Saturday, February 21, 2009

Growing Up With 90s TV (Sort Of)...

If you’ve ever heard the term “heard around the water cooler” you know a few things. One, it’s dated! and two, you can automatically remember the things that were popular enough to be discussed in such a place. Melrose Place, The Simpsons, Dallas, 30 Something, Married With Children…shows that spoke to generations of people. Shows that had the potential to become classics-- and some that actually made it to that status-- because they stirred something within their audiences. They were relatable, but most importantly, they were often controversial; they got people talking, and in turn, that got even more people interested in them. These shows were chock full of new spins on old ideas-- witty, clever, creative, and unique. You don’t see much programming like that nowadays. And unfortunately for me, I didn't get to see much of that programming when it was on the air either.

Now, don’t worry: I’m not about to break into a rant about what makes a classic and why some of today’s biggest hits will be tomorrow’s pile of trash. This isn’t a blog of critical essays about production value or the quality or content of writing, after all: this is about my life. And in my life, sadly, a lot of things were verboten.
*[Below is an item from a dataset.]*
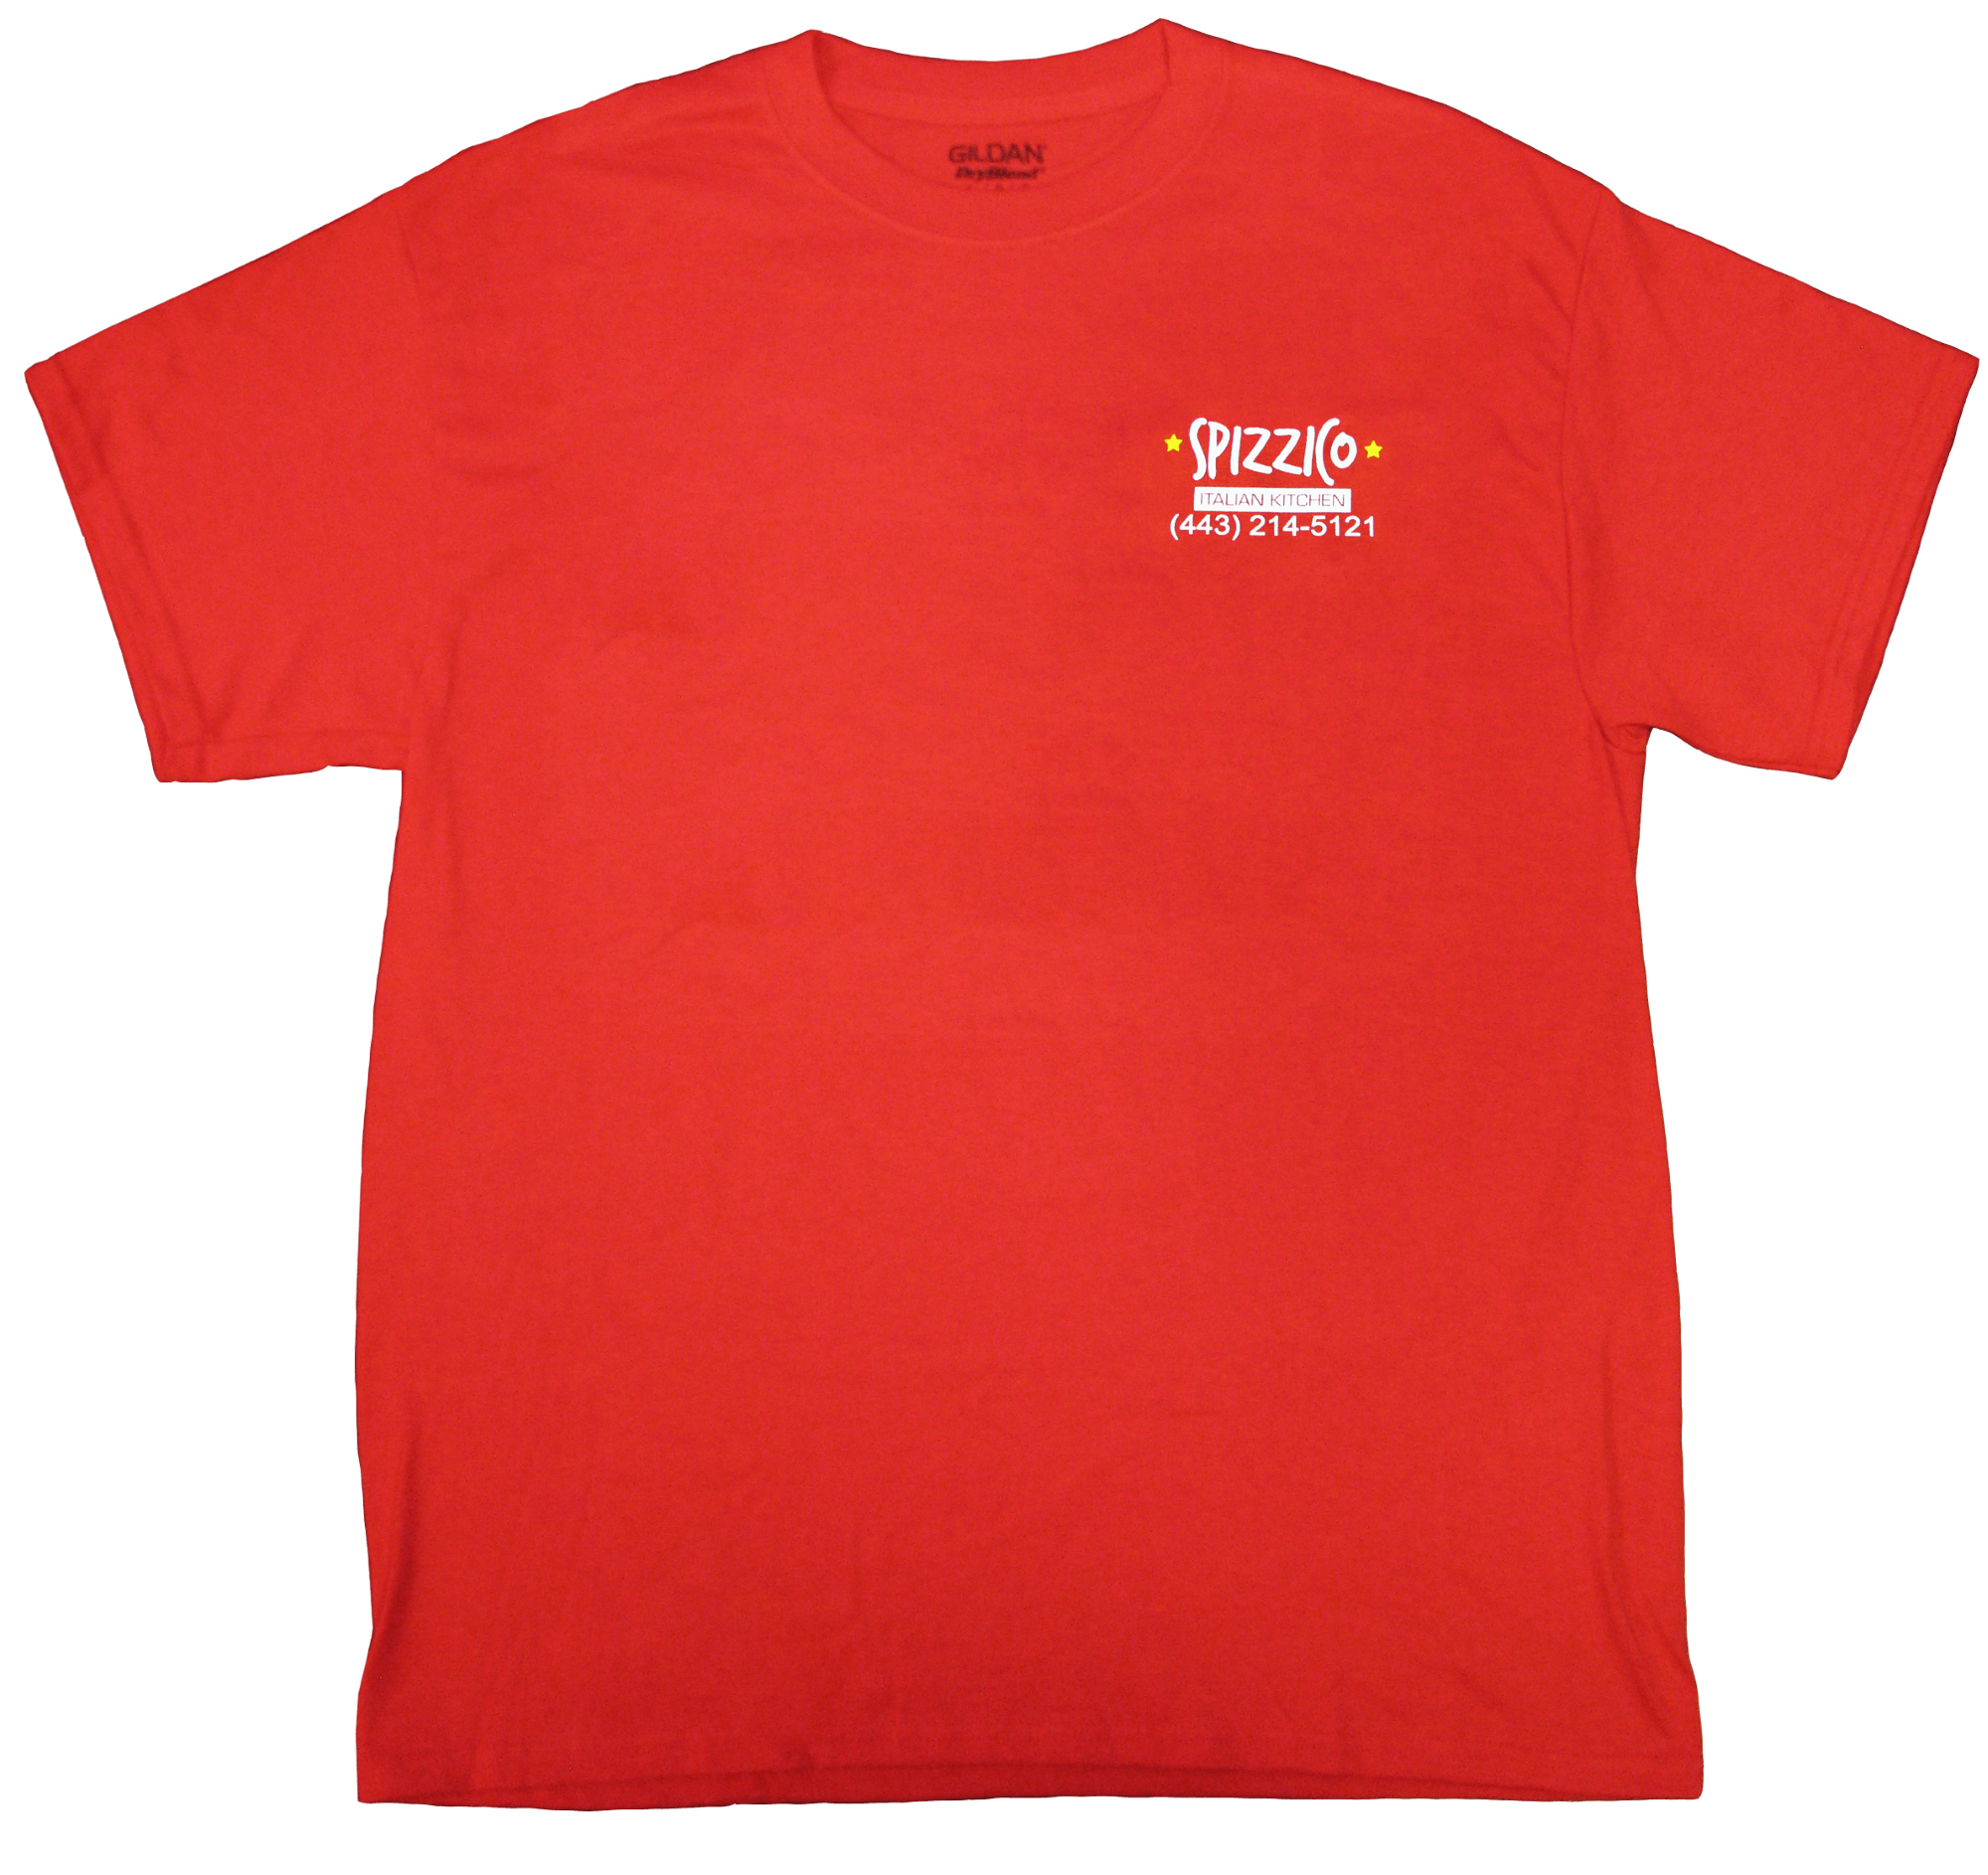 Spizzico T-Shirt - Front

Even in elementary school, we had a water cooler of sorts: it was called the schoolyard. Every morning my group of friends and I would gather and talk about the coolest music (New Kids on the Block), cutest boys (Mark-Paul Gosselaar and J.T.T.), and what we watched on television the night before. And that’s where we all varied. Though I was allowed to buy the NKOTB cassettes with all of my other little girlfriends—hell, I even had the complete set of trading cards and some buttons to match!—for some reason, my mother drew the line at owning the Jordan doll that would have gone so nicely with my fashionista Barbie. I mean, who better to date a singer than a model, right? But no. To this day, I don’t know if my mother nixed the doll idea because she feared they might be anatomically correct or what-- she claims now she doesn’t even remember saying no when I asked for one for Christmas or my birthday—but it was just one more thing in the long line of fads in which I was not allowed to partake. Super ironically now, television just held the majority of those examples.

I must have had a bedtime, but I don’t remember what it was. It was during primetime, at some point, but even then it was a tentative plan at best. More often than not, even if I made it into my bed at the appropriate time, I could still hear the television through my bedroom wall-- which was simply a louver door (the kind that slides open and has slots in it so sight and sound carry in long thin slits), and I would lie awake longer than I should have, straining to make out the dialogue in shows that were strictly off-limits. To be honest, I’m not quite sure what my parents were so worried about me picking up from television: when I was three years old and riding in my car seat in the back of my father's old Buick, my mother tells me a car cut us off, and I yelled out “@$$hole!” as we swerved around the guy. Apparently I had already been learning enough from my father. How badly could television screw me up???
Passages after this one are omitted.